Container ship in port

ARTICLE ORIGINALLY PUBLISHED 25TH SEPTEMBER 2017

Shipping carries over 90% of world trade. Until anti-gravity transport is invented nothing will replace it. This island race has salt water and shipping in our veins and history. As befits our special relationship with the Creator it is obvious that he is a shipping man. He covered two thirds of the Earth in water and put the natural resources as far away as possible from where they are needed. As Britannia ruled the waves so London became the maritime center of the world and still retains an international influence completely disproportionate to the actual physical size of British controlled shipping. London still has the finest shipping infrastructure in the world. However, the momentum as with so many other businesses is moving East. Singapore, with financial inducements and recently the takeover of the Baltic Exchange, is making serious and realistic progress to threaten London’s long term maritime position.

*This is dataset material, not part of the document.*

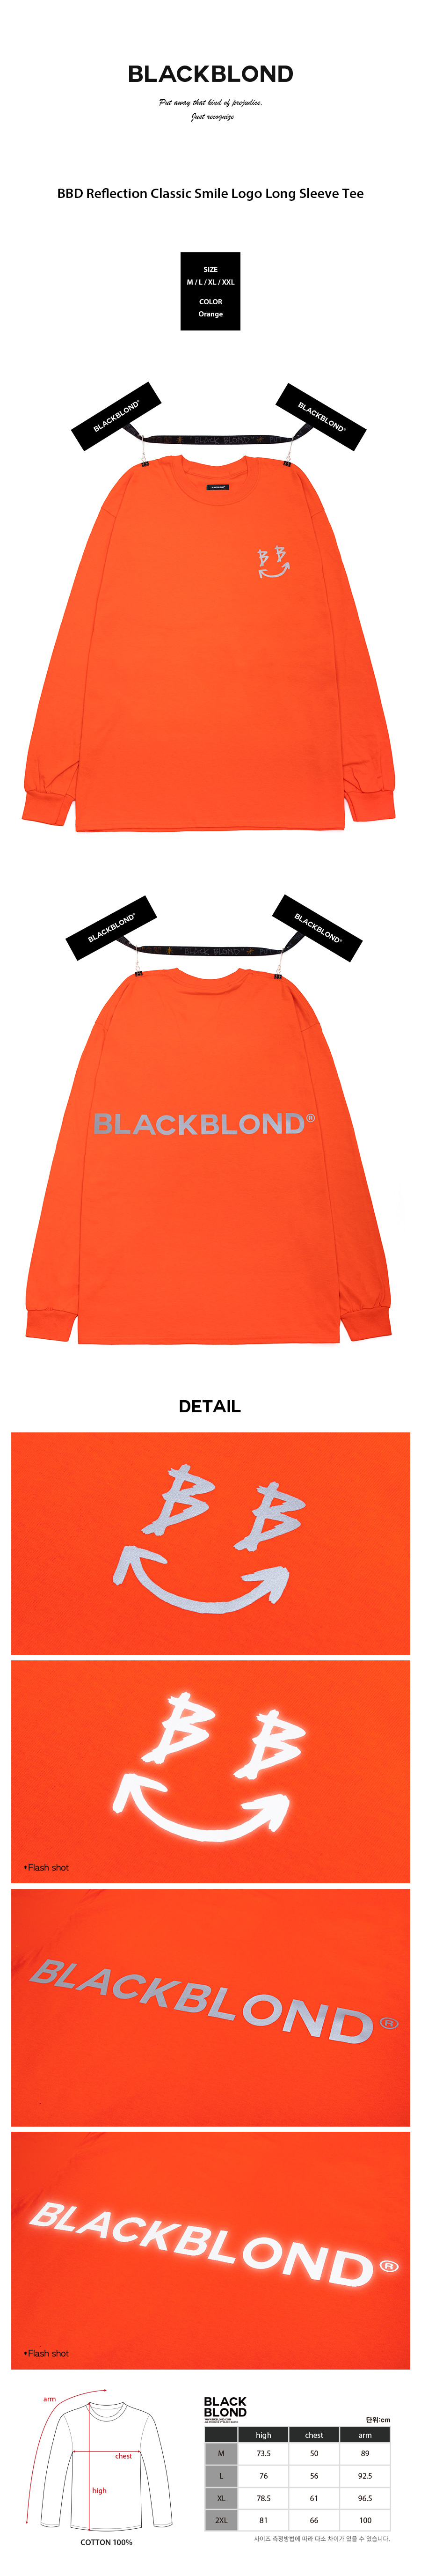 BLACKBLOND - BBD Reflection Classic Smile Logo Long Sleeve Tee (Orange)

It should logically follow that ship owning companies are therefore as safe as houses for investment. But logic is not a major component of the shipping industry. Direct access to private investment in shipping is hard to find. World ship owning has been and still is dominated by principal-led independent family owned companies, Greeks still very much to the fore. The Golden Greek shipowners of the era past, so beloved by the society and scandal pages, actually laid very solid commercial templates for their heirs and many successors. Little outside investment opportunity was available. Their finance was principally mortgage based bank loans secured on their ships themselves. Equity in their owning and operating companies, domiciled tax advantageously, was not readily shared or offered.